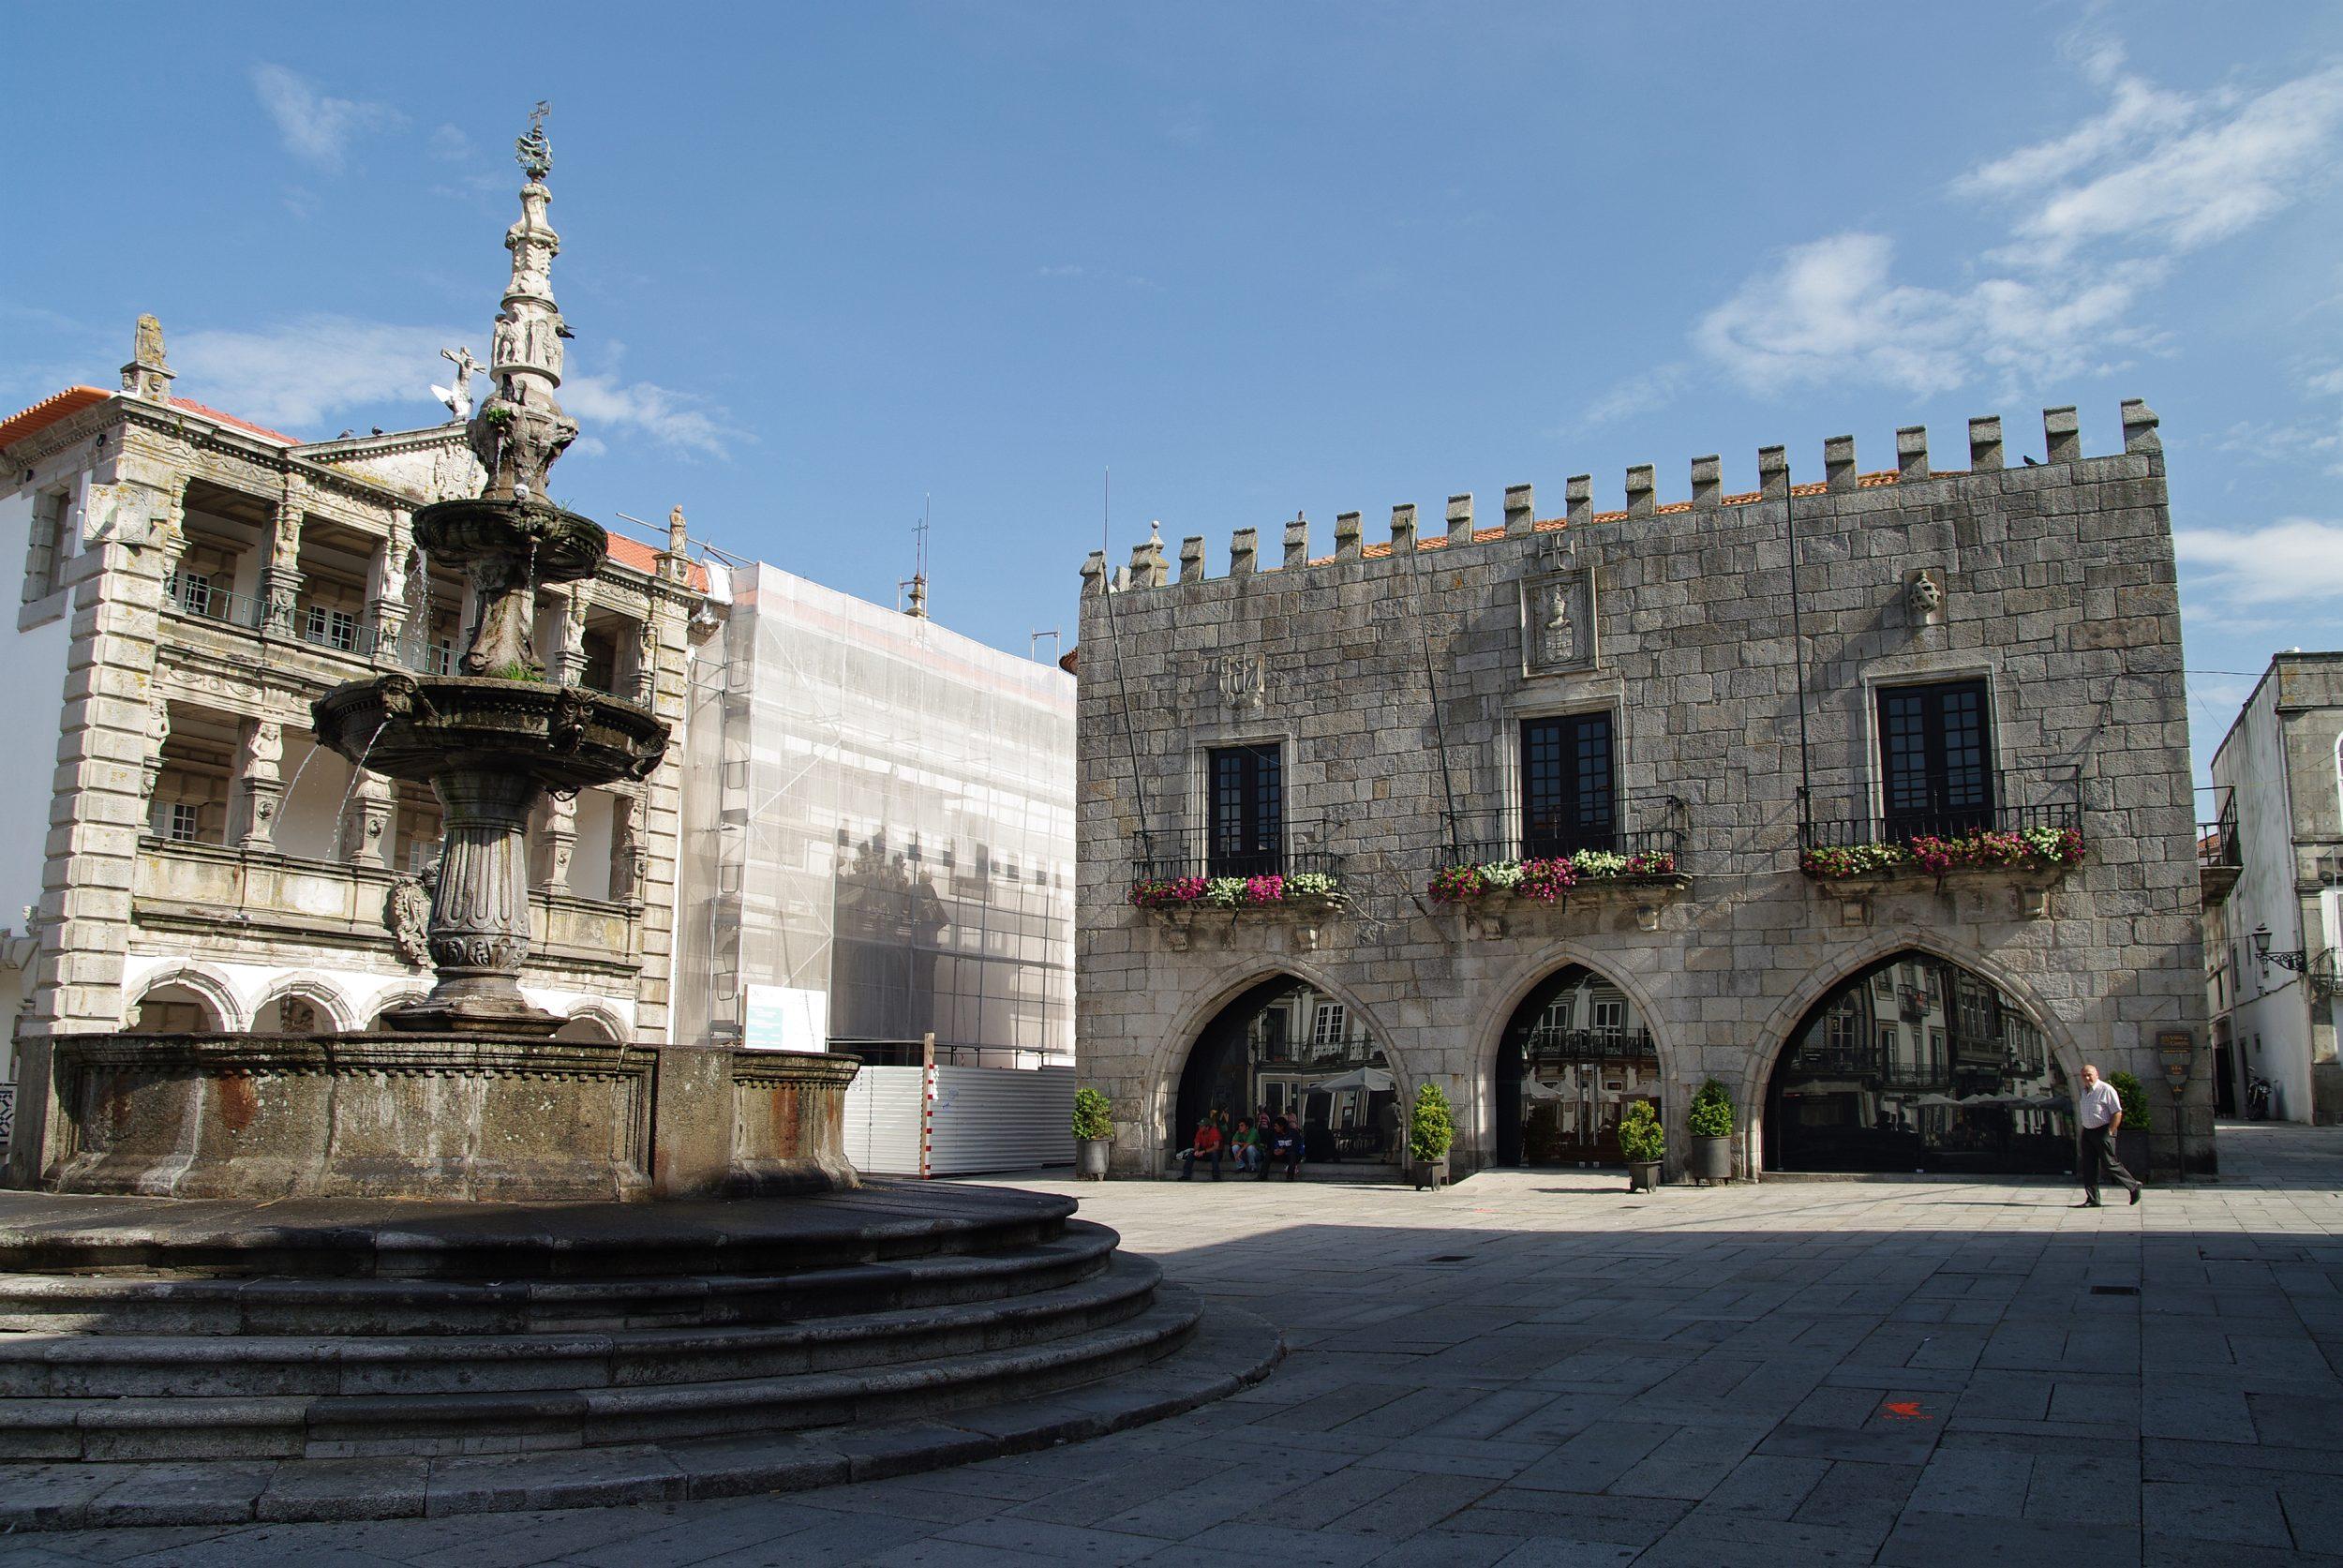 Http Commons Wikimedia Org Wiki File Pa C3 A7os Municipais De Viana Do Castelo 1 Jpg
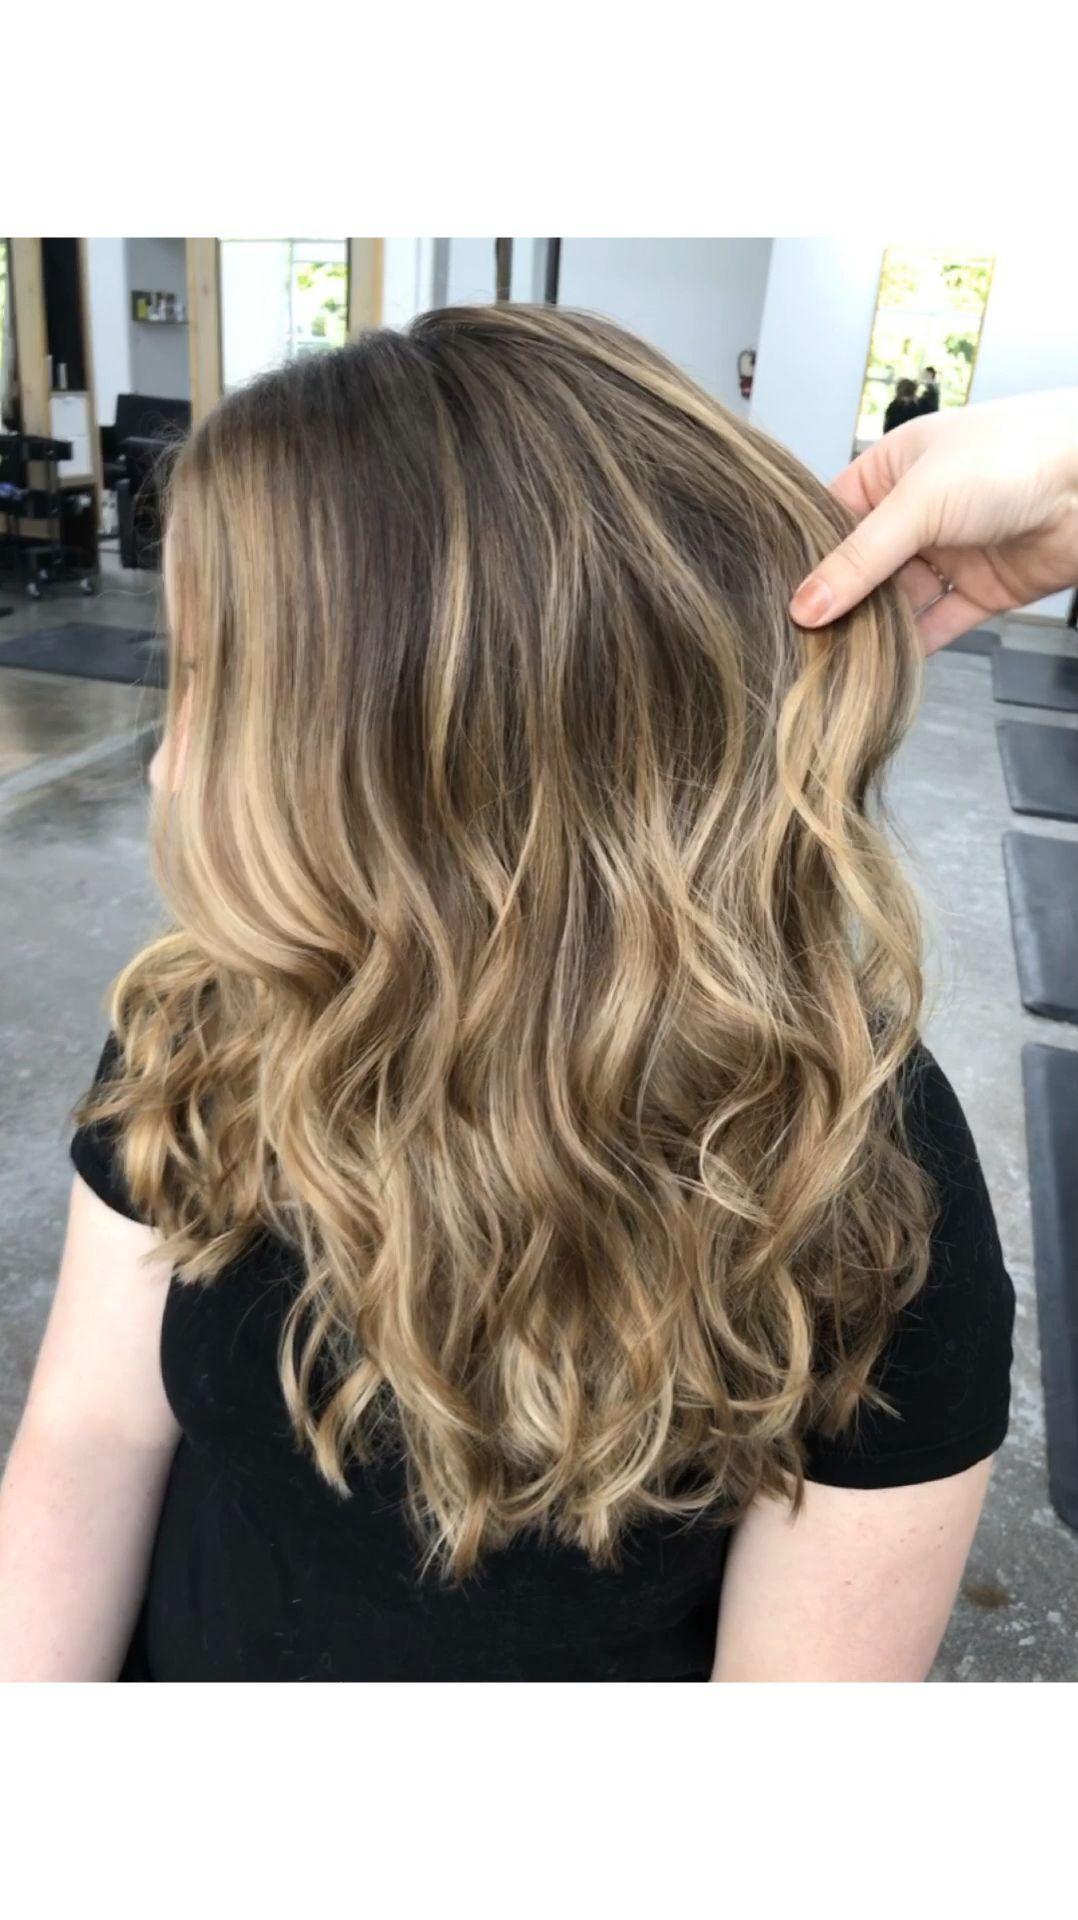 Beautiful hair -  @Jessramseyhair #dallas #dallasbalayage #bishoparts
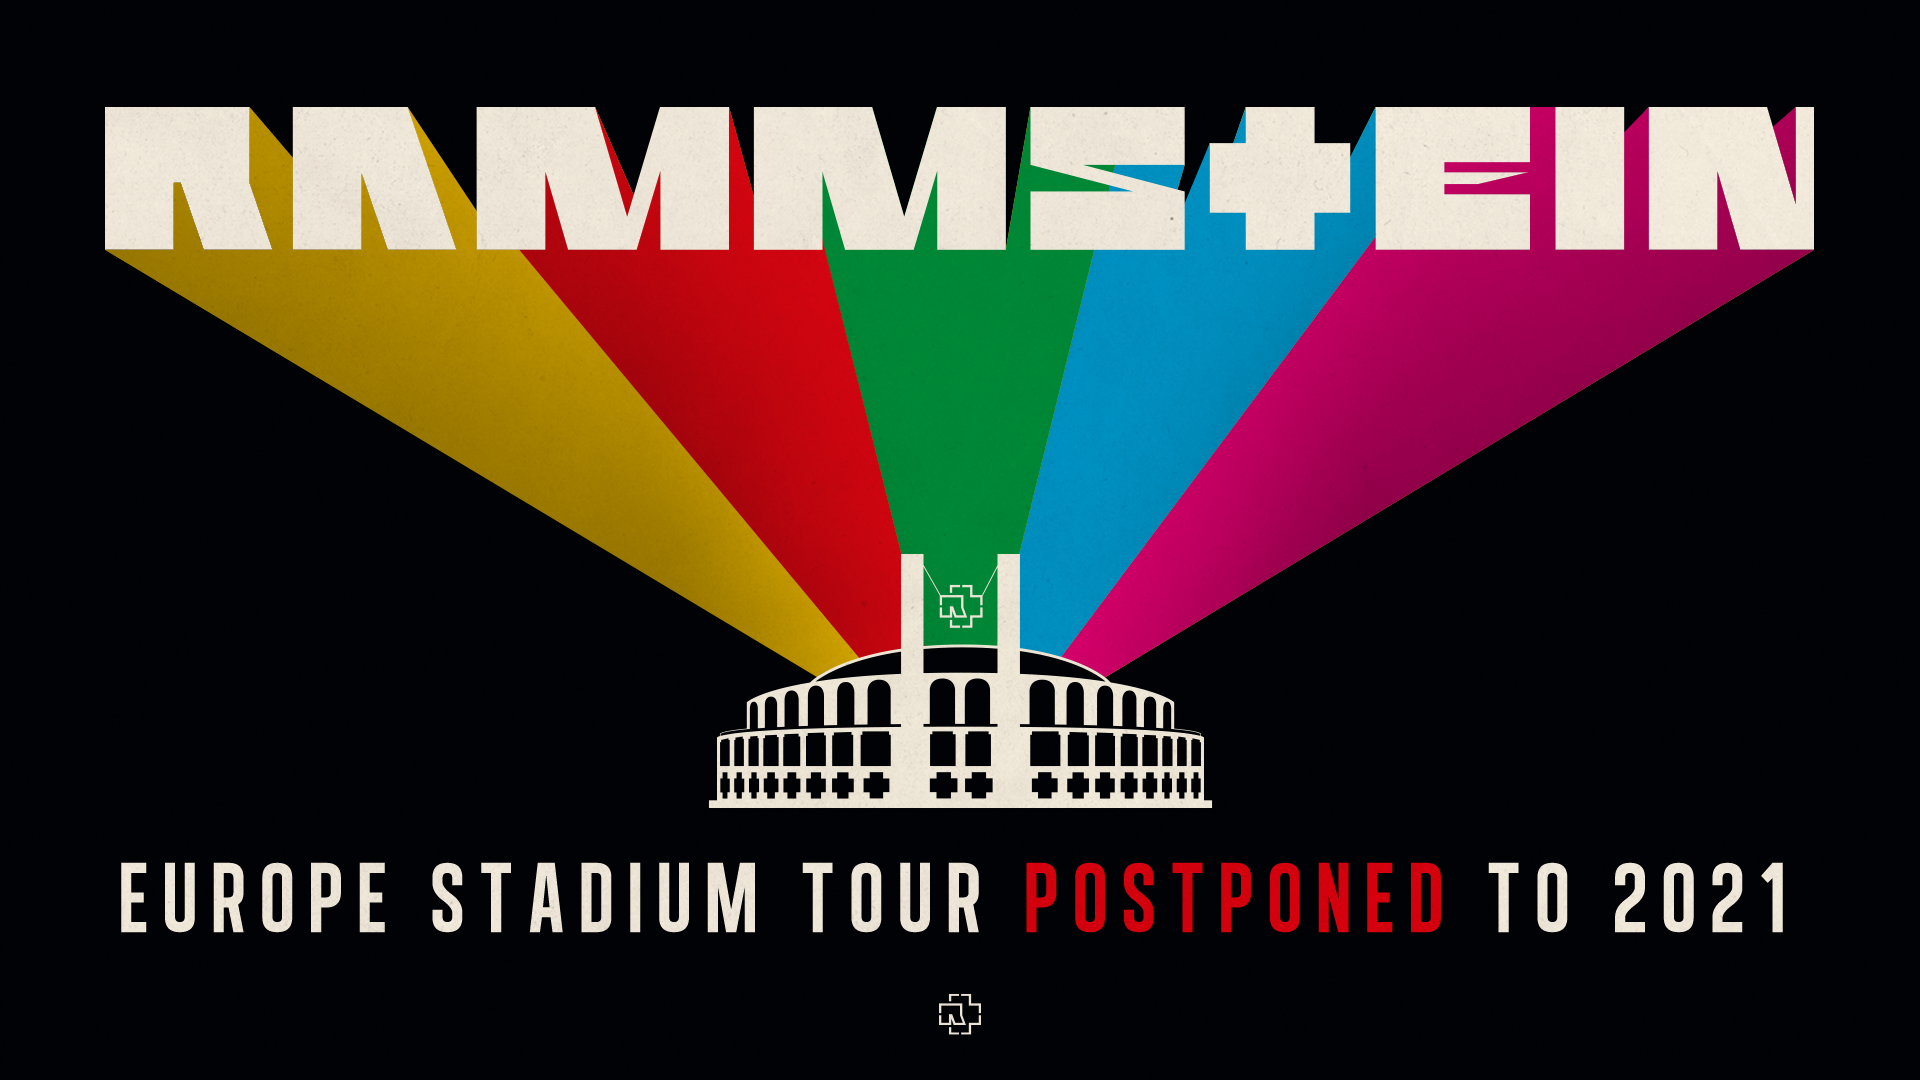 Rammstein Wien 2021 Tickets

_Task to carry out_. Working from the lines above, reproduce the material exactly and exclude its pictures.

_Response area_.
 Http Commons Wikimedia Org Wiki File Pa C3 A7os Municipais De Viana Do Castelo 1 Jpg
 Beautiful hair -  @Jessramseyhair #dallas #dallasbalayage #bishoparts
 Rammstein Wien 2021 Tickets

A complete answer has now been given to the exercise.